* _WORK TO COMPLETE_: Print only the lines from the one with "Sevgililer Günü Led" through the end of the data, exactly, and please omit pictures.

[[ DATA SHOWN open ]]

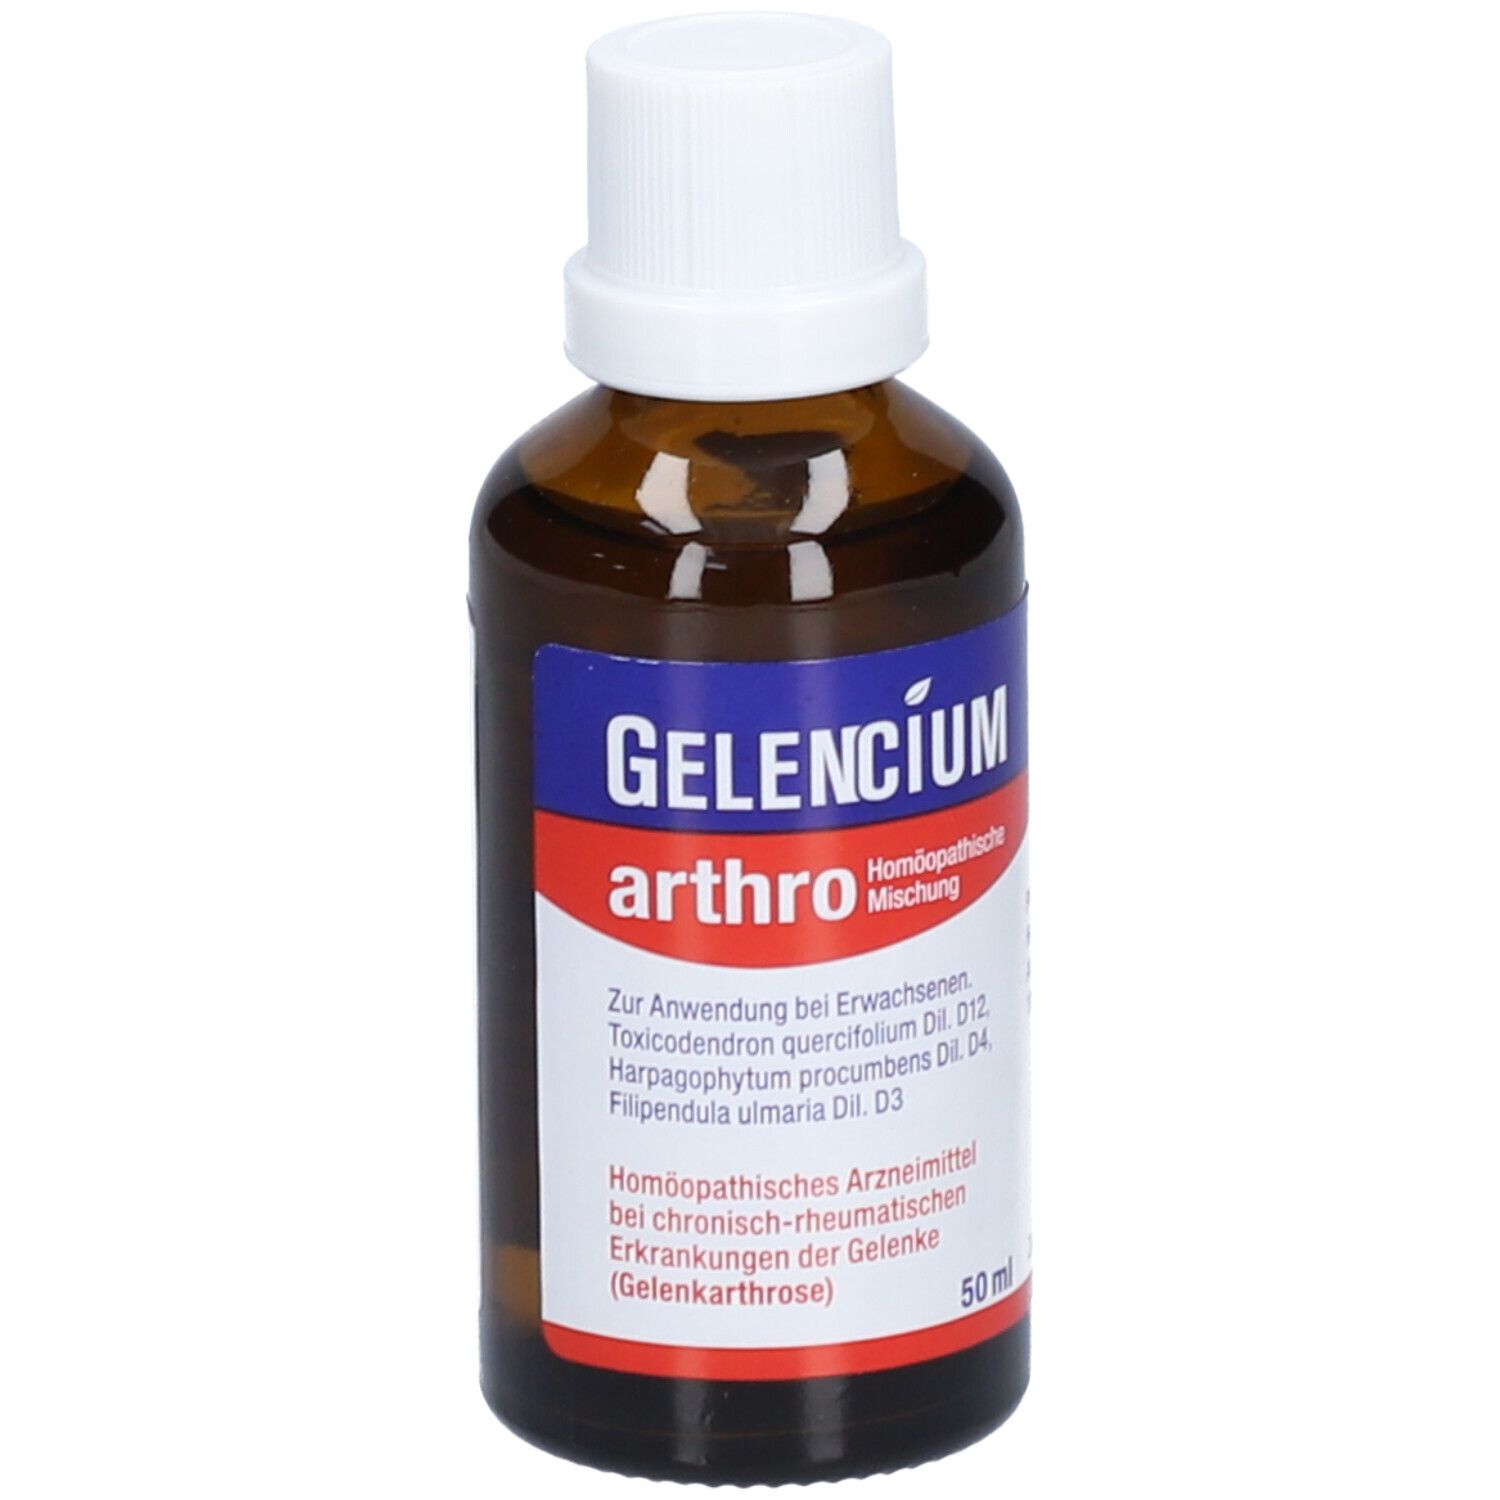 Gelencium® arthro
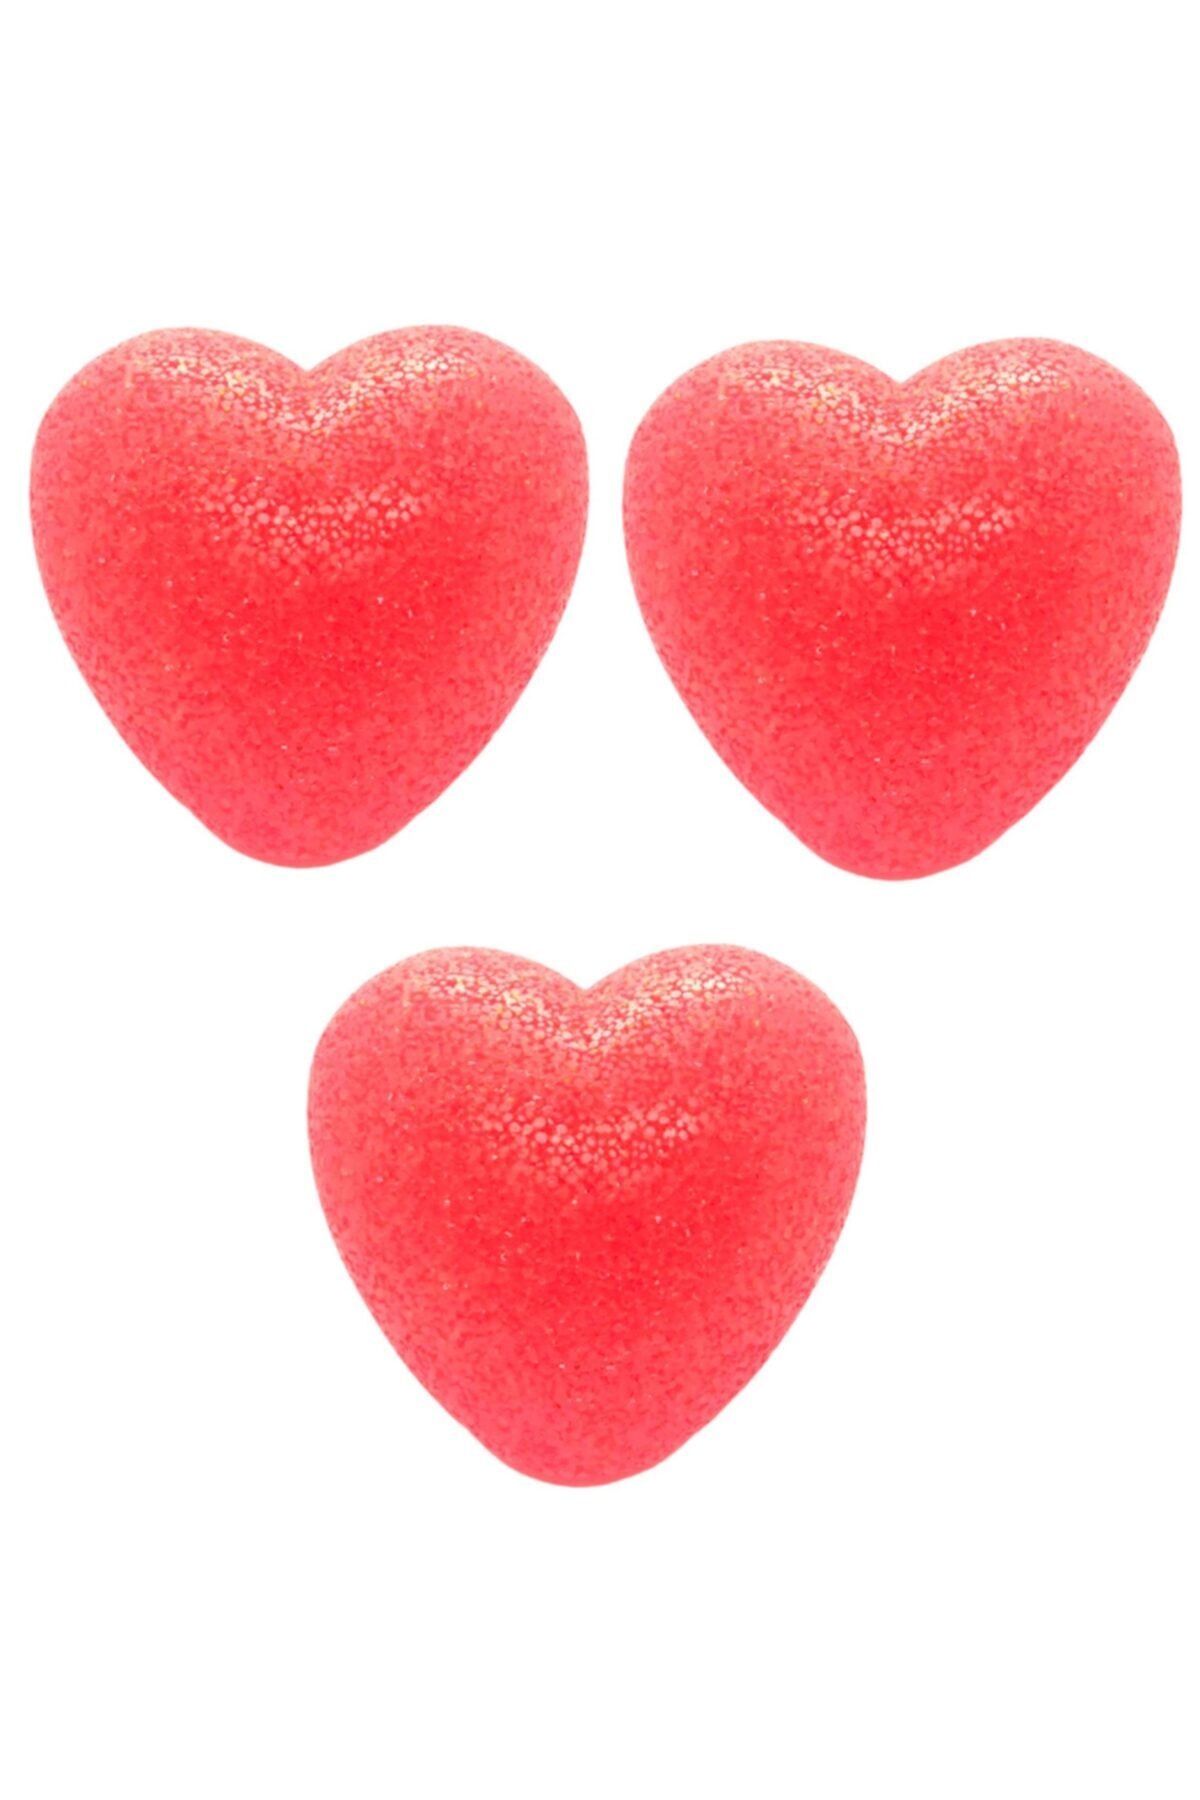 Sevgililer Günü Led Işıklı Kırmızı Kalp Hediye Kutusu Içi Gece Lambası 3 Adet_0
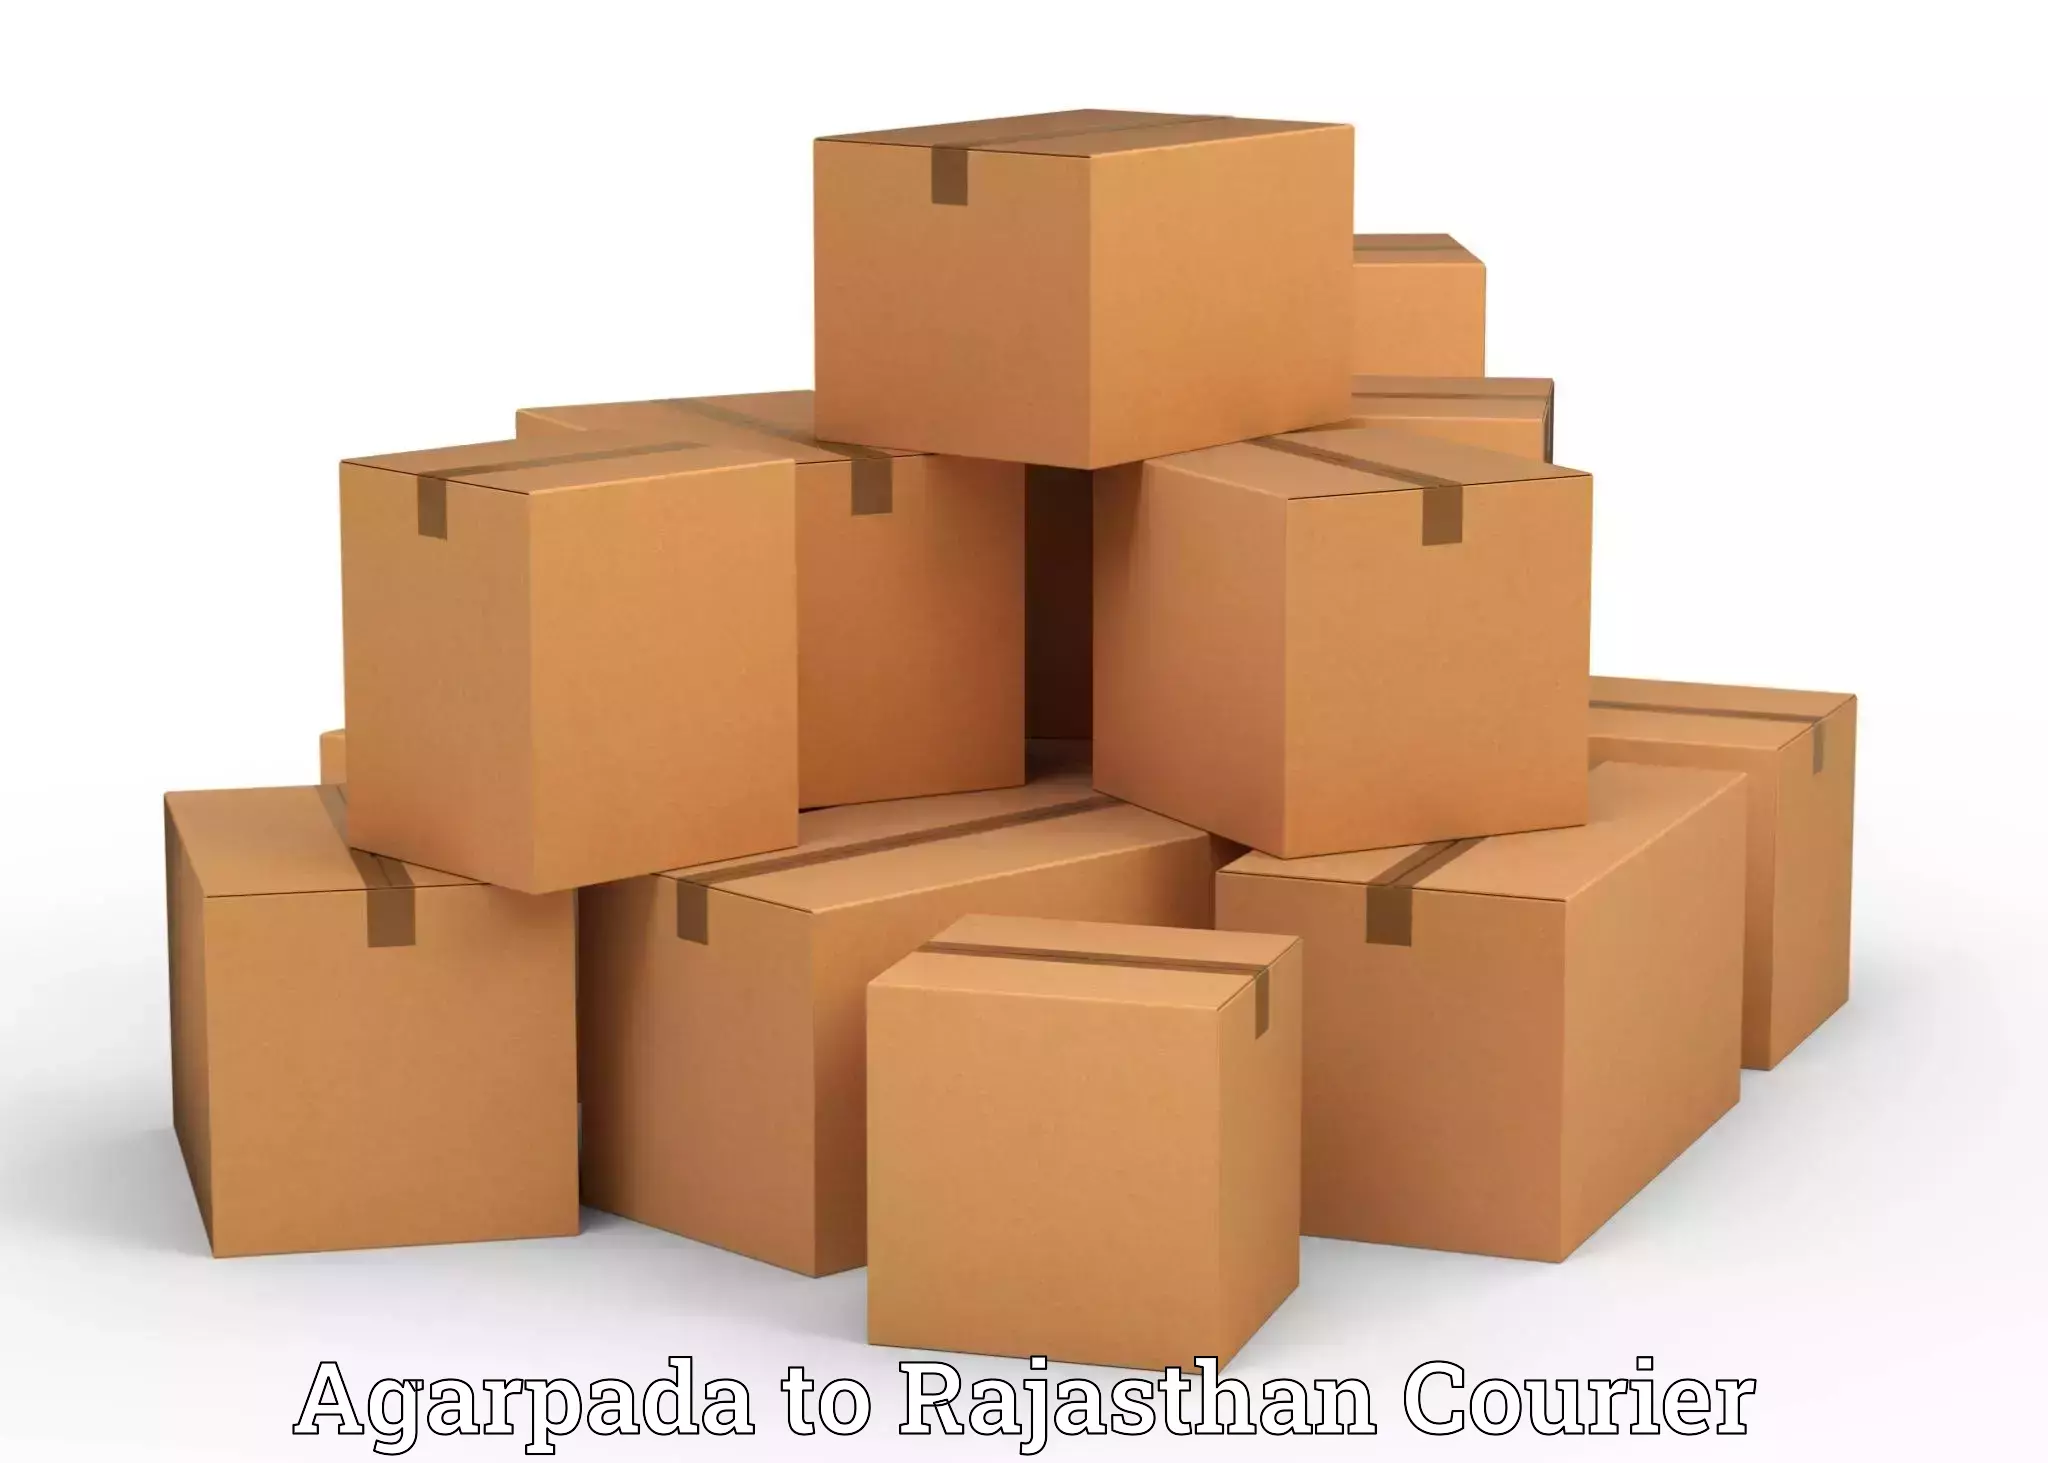 Professional movers and packers Agarpada to Nainwa

[[ DATA SHOWN closed ]]

* _TASK SOLUTION_:
 Sevgililer Günü Led Işıklı Kırmızı Kalp Hediye Kutusu Içi Gece Lambası 3 Adet_0
 Professional movers and packers Agarpada to Nainwa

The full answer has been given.